🧮Pricing Algorithm

Data Ingestion

Currently, data is gathered only for Ethereum-hosted collections, but roadmap for onboarding other L1s and L2s is defined. Data is leveraged from a number of sources:

• NFT marketplaces such as OpenSea, LooksRare and X2Y2

• NFT aggregators such as Gem, Genie and Blur

• Decentralized NFT Applications such as SudoSwap and BendDAO

• Pricing Data for Bitcoin and Ethereum

• Financial Data such as DJIA and S&P500

Wash Trading

Several method are employed for Wash Trading Detection:

• Directed Graph Encoding of transaction data for wash trading pattern recognition

• Flagging system for Anomalous Price Change

Feature Engineering

While most existing solutions only include traits of an asset, MetaQuants takes into account:

• Macroeconomic Conditions - Proxy Variables:

  • S&P500

  • DJIA

  • Feature Engineering on S&P500 and DJIA in order to extract insights from the raw data

• Industry Conditions - Proxy Variables:

  • Bitcoin

  • Ethereum

  • Feature Engineering on Bitcoin and Ethereum in order to extract insights from the raw data

• NFT Collection Conditions:

  • Feature Engineering which is based on indicators of traditional financial markets, for example, price volatility

  • Feature Engineering which is based on domain-specific indicators, for example, floor price of the collection

• NFT-Specific Conditions:

  • Rarity Score

  • Computation of new features which account for past performance of individual assets, for example, average price of previous sales

After all metrics are generated, Forward Variable Selection method quantifies the predictive power of each indicator, excluding all redundant variables from the optimal model.

NFT Pricing Algorithm

• Model

A serious problem of NFT pricing solutions is that most fail to deal with the case of overpricing tokens.
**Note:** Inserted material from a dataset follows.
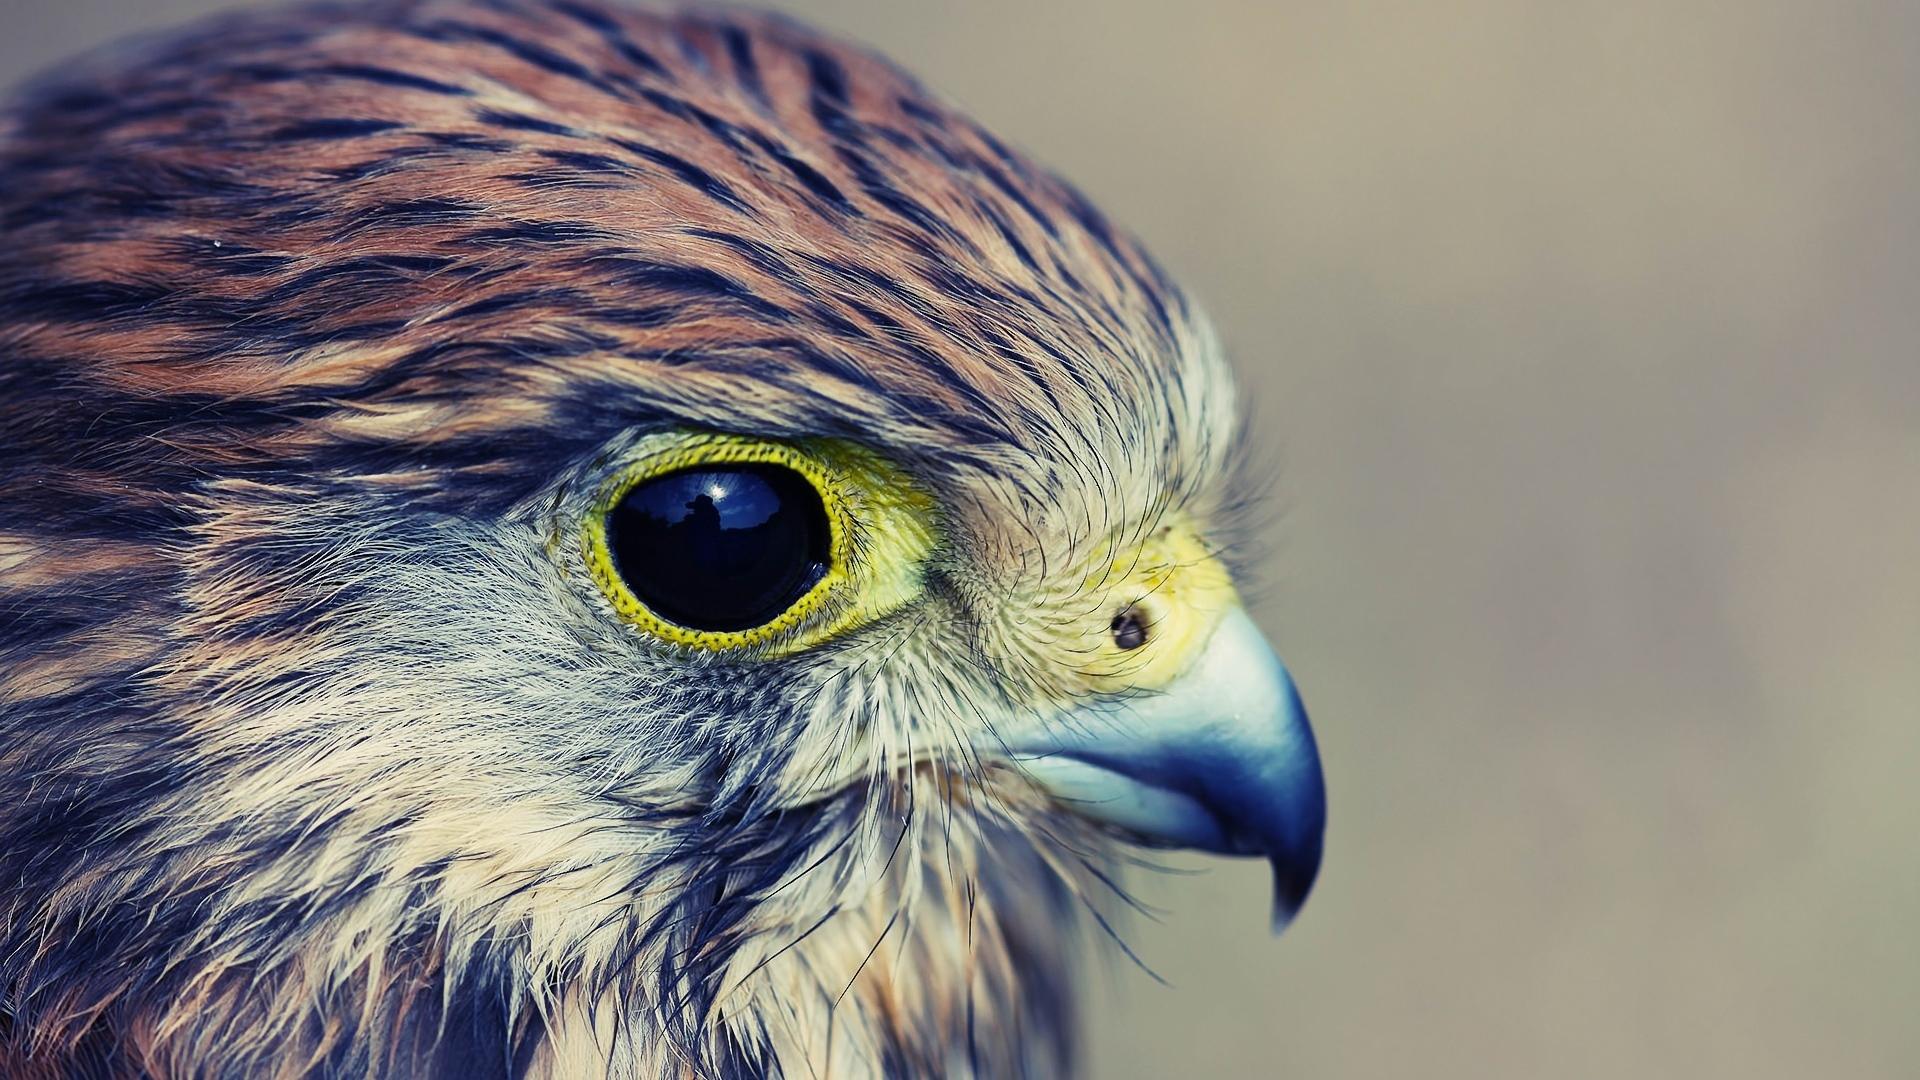 Ice Cream Wallpaper Hd 1080p Download Wallpaper 1920x1080 Eagle Baby Hawk Head Beak

This is especially costly for lending services - issuance of a mispriced loan disincentivizes its repayment, leaving a protocol with unrealized losses. MetaQuants employs a model with a specifically defined loss function for penalizing overpredictions more than underpredictions

• Interpretability

Evaluation metrics are indicators of a model’s ability to predict unseen data. A single figure, however, brings clarity neither to the algorithm’s feature selection nor its computational approach. As already stated, existing evaluation services function as a black box that undermines them, regardless of their performance. MetaQuants enumerates the factors for determining a token’s value and specifies the impact of each variable in terms of ETH.

• Confidence Intervals

There is a wide variety of buyer profiles within the NFT ecosystem - from firm believers in the technology to the so-called ”degens”. Apart from a point estimate, MetaQuants provides a value range based on the model’s residuals, so each user can accommodate their risk appetite. Risk-averse market participants and lending protocols can choose the lower bound of the interval to protect themselves against overpricing. Oppositely, bullish traders may select the upper bound for a possible opportunity. The range is dynamically adjusted and accounts for rarity, so different assets have different interval widths. Further, α, can be chosen for a (1 − α) confidence interval. Lower α corresponds to a wider price scope, but also an additional level of insurance.